Werewolf has Homer Cakes

A local’s place in the Gaslamp

Homer Cakes: a stack of pancakes with jelly between each one, topped with glaze and sprinkles
  • Homer Cakes: a stack of pancakes with jelly between each one, topped with glaze and sprinkles

Werewolf American Pub

627 Fourth Avenue, Downtown San Diego

To me, a good breakfast is like a good blues CD: Talented artists work on an established formula, whether it be three chords or eggs, bacon, and potatoes. Done well, it’s simplicity with style. Brunch may be more like jazz: The basics are there, but there is more improvisation and innovation.

The breakfast as music analogy may be awkward, but give me a break: I’m still coming down from the Bloody Mary I had at Werewolf, a Gaslamp-area bar that manages the feat of seeming like a true neighborhood bar in an area that, at times, feels like a theme park’s vision of what an urban downtown might look like.

Bloody Mary, in a skull-shaped mug for a reason

Bloody Mary, in a skull-shaped mug for a reason

As for that Bloody Mary ($14), it leaned on the pleasantly salty side with pickled olives and veggies. Served in a skull-shaped mug, it had “perfect-way-to-end-morning-walk-of-shame” written all over it.

Werewolf looks like it’s been in Gaslamp forever

Werewolf looks like it’s been in Gaslamp forever

Werewolf is a place that looks like it’s been in Gaslamp forever, but because it’s on Fourth and not Fifth or Sixth, it’s more of a local’s place than a bar on those boulevards.

Chilaquiles, a tostada with eggs, cheese, salsa, cotija, and corn salsa. The corn was fresh, “really fresh.”

Chilaquiles, a tostada with eggs, cheese, salsa, cotija, and corn salsa. The corn was fresh, “really fresh.”
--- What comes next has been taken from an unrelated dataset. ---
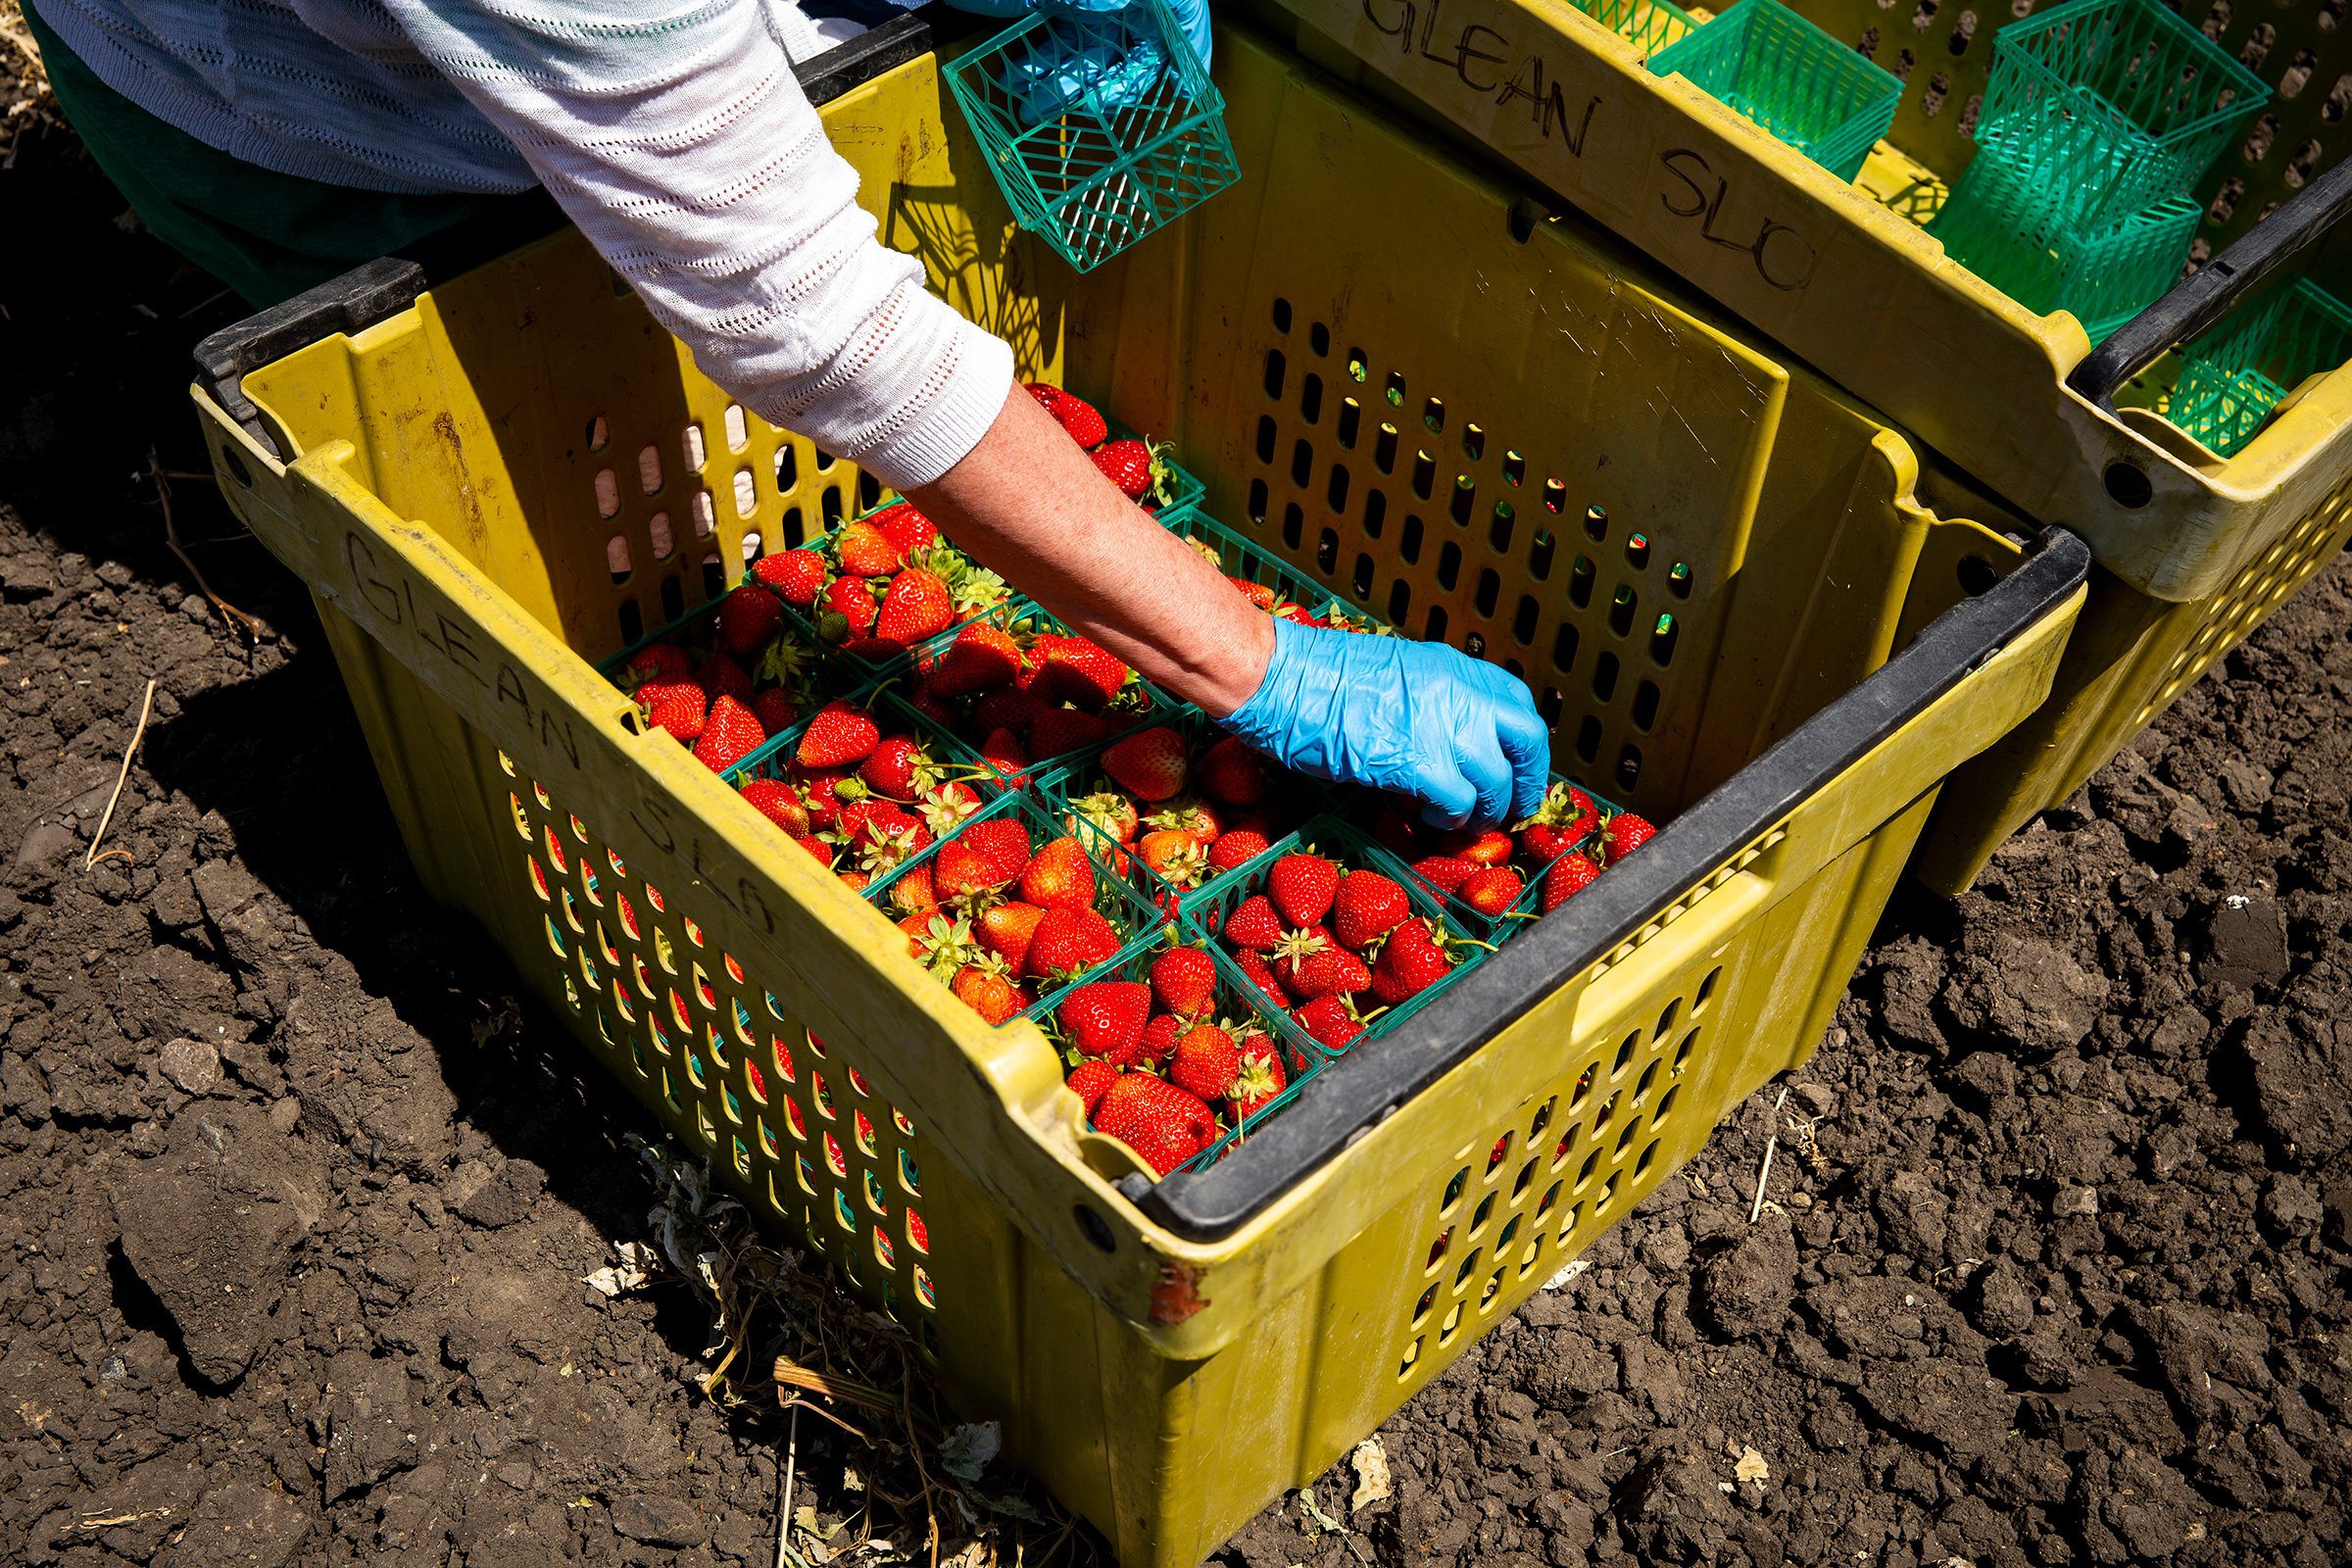 A volunteer with GleanSLO organizes strawberries in a bin at a farm in San Luis Obispo, Calif., on June 4, 2020. Before the pandemic, GleanSLO volunteers typically gleaned from backyard fruit trees—now they visit farms. (Jenna Schoenefeld—The New York Times/Redux)

Werewolf has a few good brunch dishes that are surprising variations on classic breakfast dishes. First off were the Homer Cakes ($6.95): a stack of pancakes with a creamy donut glaze and sprinkles on top. Oh, and jelly between each cake. No syrup needed for these babies: They tasted like an old-fashioned donut on top while the cakes below have a slightly savory element to them.

This Pork Belly Benedict forgoes the English muffin for a potato cake and the hollandaise for a maple glaze

This Pork Belly Benedict forgoes the English muffin for a potato cake and the hollandaise for a maple glaze

“The kids would love these,” my wife said.

“I’m not sharing!” I blurted while shoving a bite in my mouth.

Yes, Werewolf is a bar, but there were young kids in strollers inside, so we could theoretically bring our kids here another time and get them their own stack.

My vegetarian wife got the Chilaquiles ($11.95 plus $2.95 more for braised beef) and was happy with her choice. Usually, chilaquiles are served as triangular chips, but Werewolf serves a single tostada shell and tops it with eggs, cheese, salsa, cotija, and corn salsa. To me, the star of the dish was the cotija cheese, alternately sweet and tangy, but my wife loved the corn. “Really fresh.”

I chose to get the Pork Belly Benedict ($14.95), the dish that inspired the jazz improvisation intro at the top. Rather than just top an English muffin with some Canadian bacon and poached eggs and hollandaise, this Benedict comes with three breaded potato cakes topped with juicy pork belly and poached eggs. No hollandaise, just a light maple glaze. Probably just as well: hollandaise is tough to do right.

Werewolf’s Benedict has the sweet and savory components of a good Benedict without leaving the lump in the stomach feeling. My only sticking point is that the ingredients tend to slide against each other when you’re trying to spear it with a fork, so some bites had more potato than others.